Pollution pharmaceutique, une menace mondiale pour la santé et l’environnement
Les résidus des médicaments fabriqués et consommés par l’Homme constituent une menace mondiale pour la santé et l’environnement, selon une récente étude multi-institutionnelle visant à évaluer l’étendue de la pollution pharmaceutique des rivières à l’échelle planétaire.

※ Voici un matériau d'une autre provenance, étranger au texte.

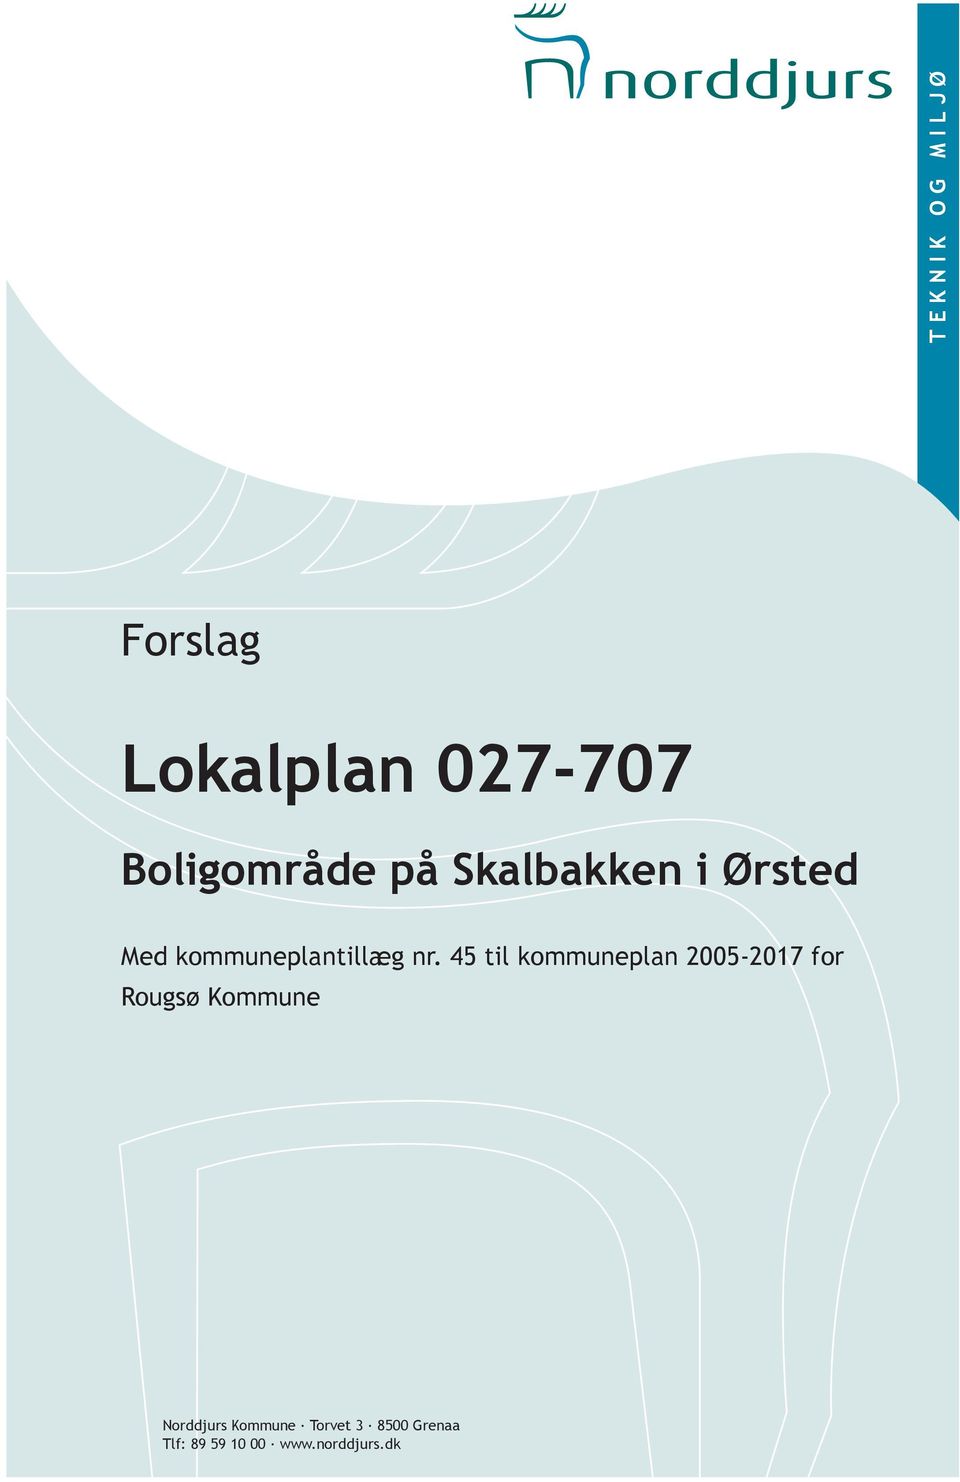 45 til kommuneplan 2005-2017 for Rougsø Kommune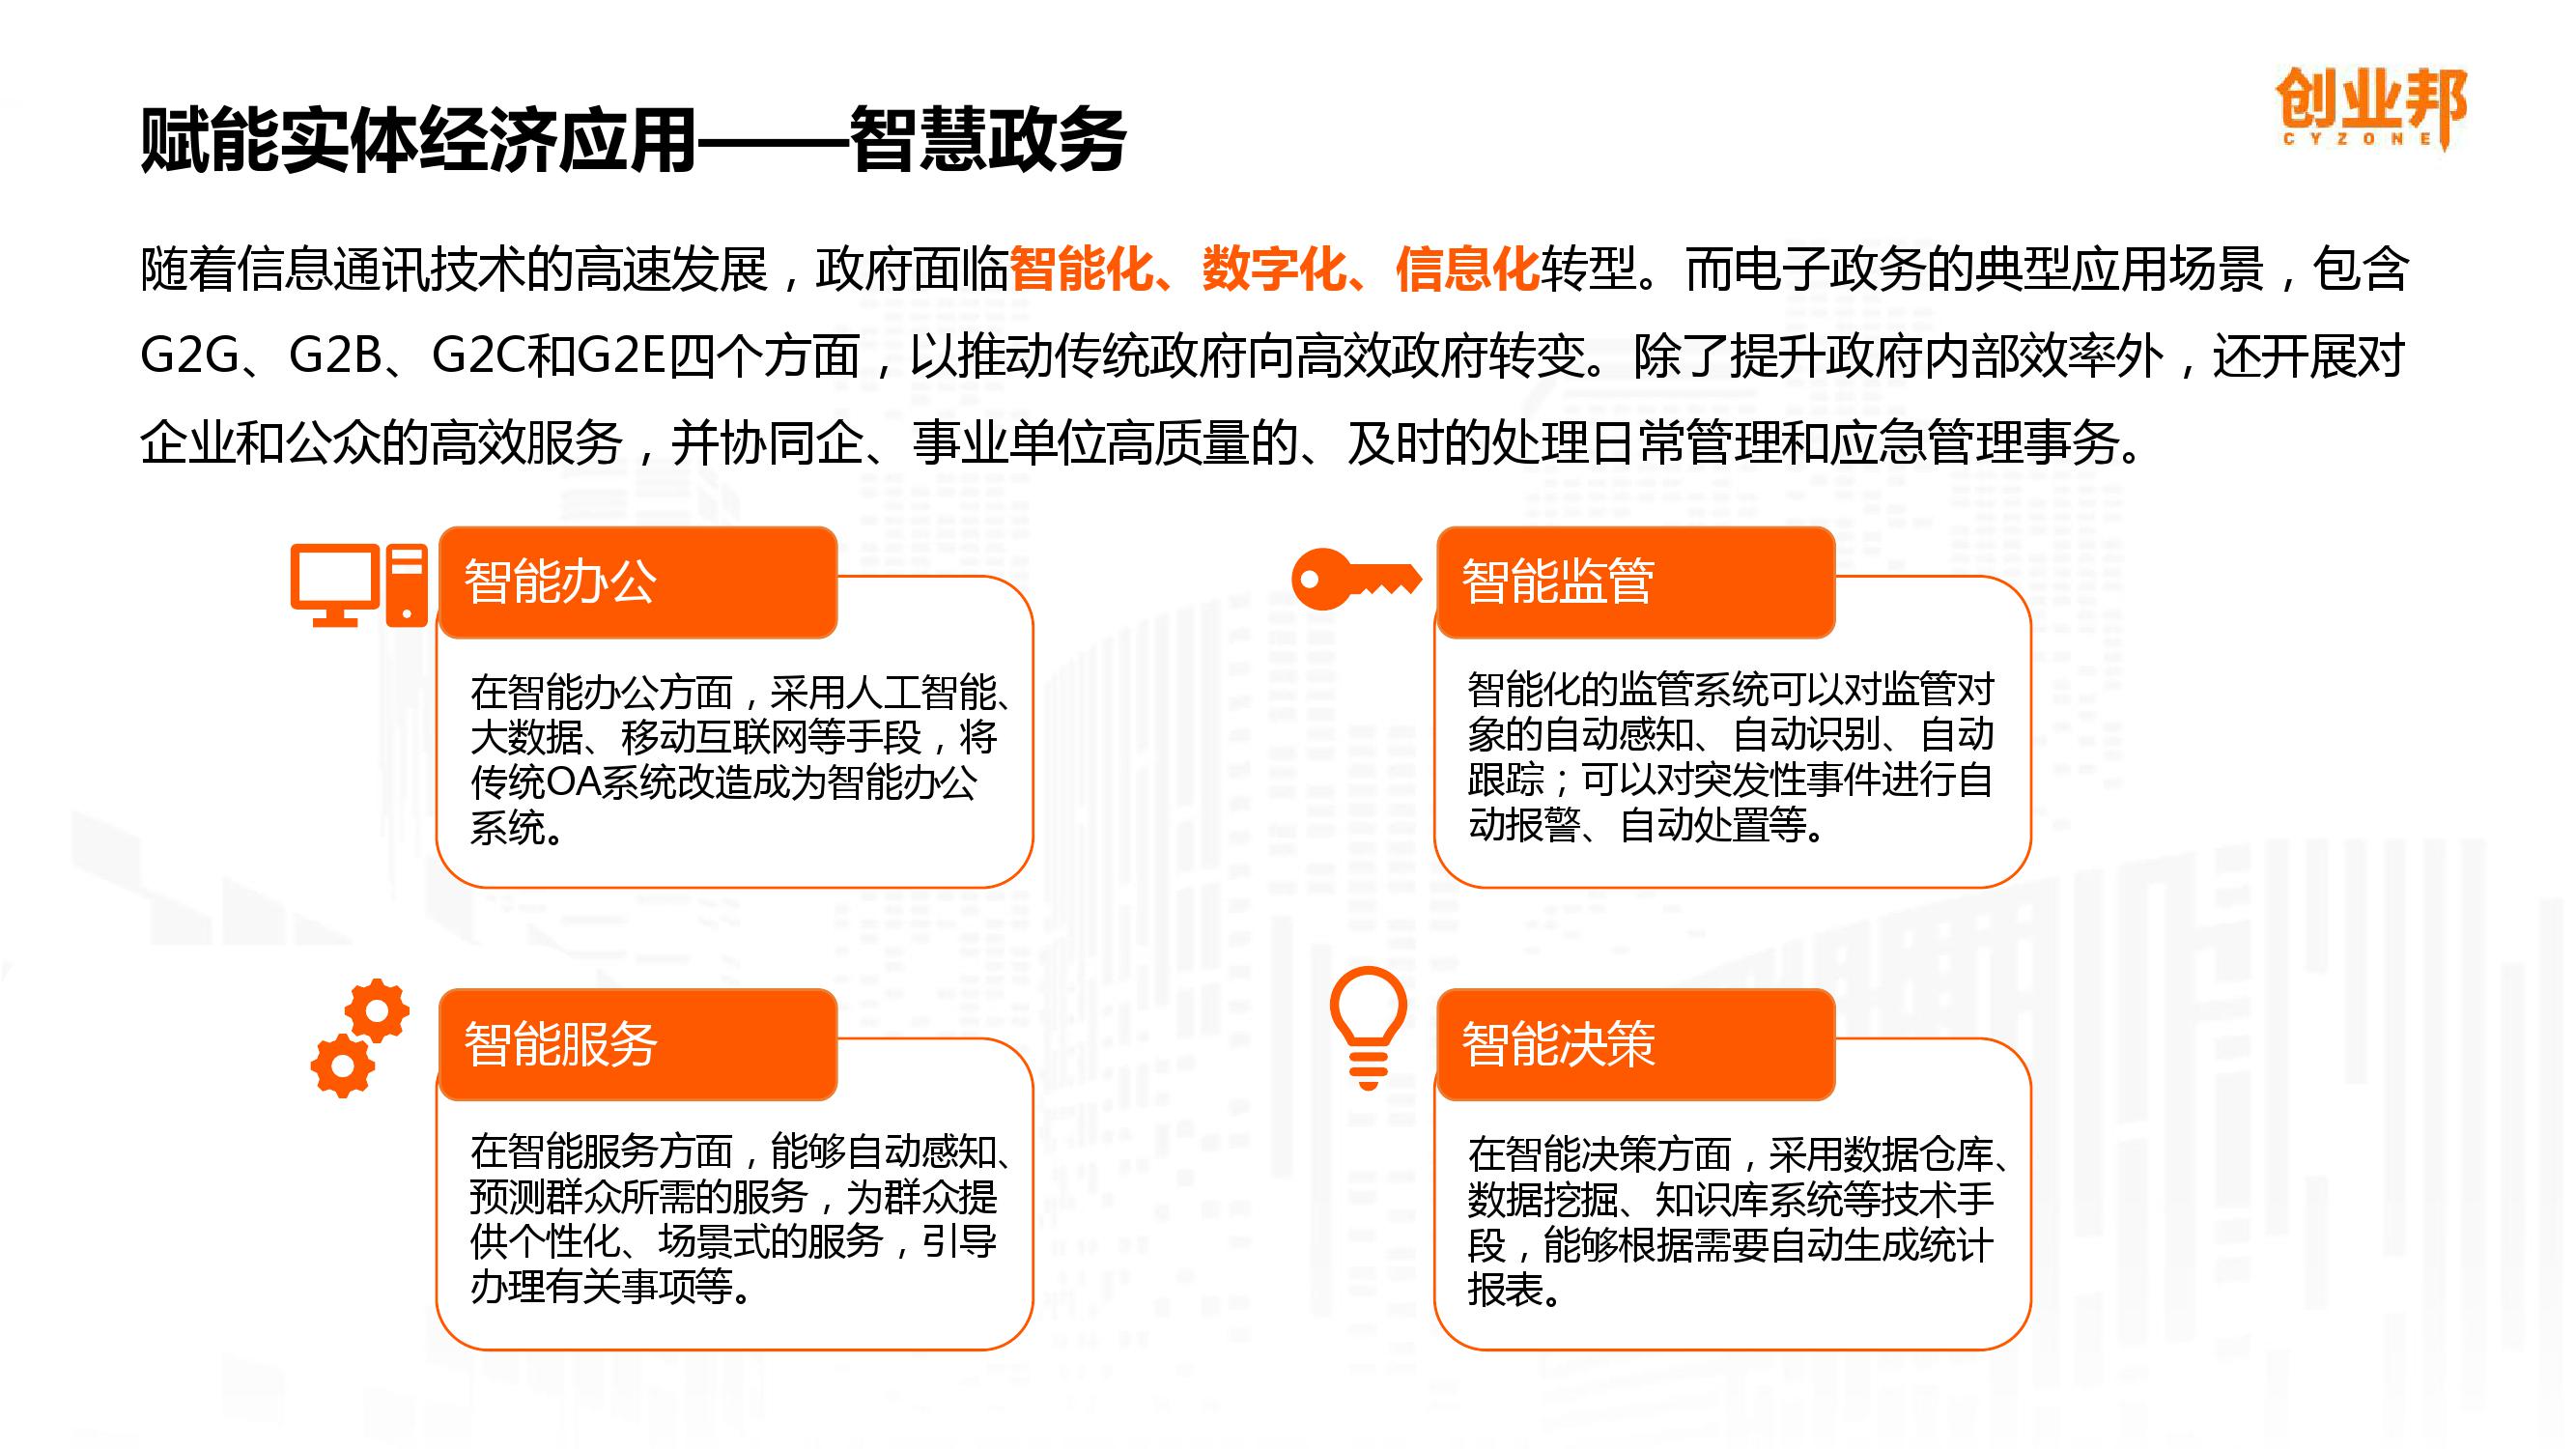 2019中国企业数字化智能化研究报告_000026-3

Les auteurs ont identifié des concentrations potentiellement toxiques dans plus d’un quart des 258 rivières du monde échantillonnées, dévoilant que les sites les plus contaminés se trouvaient dans des pays à revenu faible ou intermédiaire, dans des régions où les infrastructures de gestion des déchets sont faibles et où la production pharmaceutique est importante. « Nous savons depuis plus de vingt ans que les produits pharmaceutiques finissent dans l’environnement aquatique où ils peuvent affecter la biologie des organismes vivants« , a indiqué dans un communiqué John Wilkinson, chercheur à l’Université de York et codirecteur de l’étude, publiée dans la revue Proceedings of the National Academy of Sciences (PNAS). « Mais l’un des plus grands problèmes auxquels nous avons été confrontés dans la lutte contre ce problème est que nous n’avons pas été très représentatifs dans la surveillance de ces contaminants, la quasi-totalité des données étant concentrée sur quelques zones sélectionnées en Amérique du Nord, en Europe occidentale et en Chine« , a-t-il ajouté.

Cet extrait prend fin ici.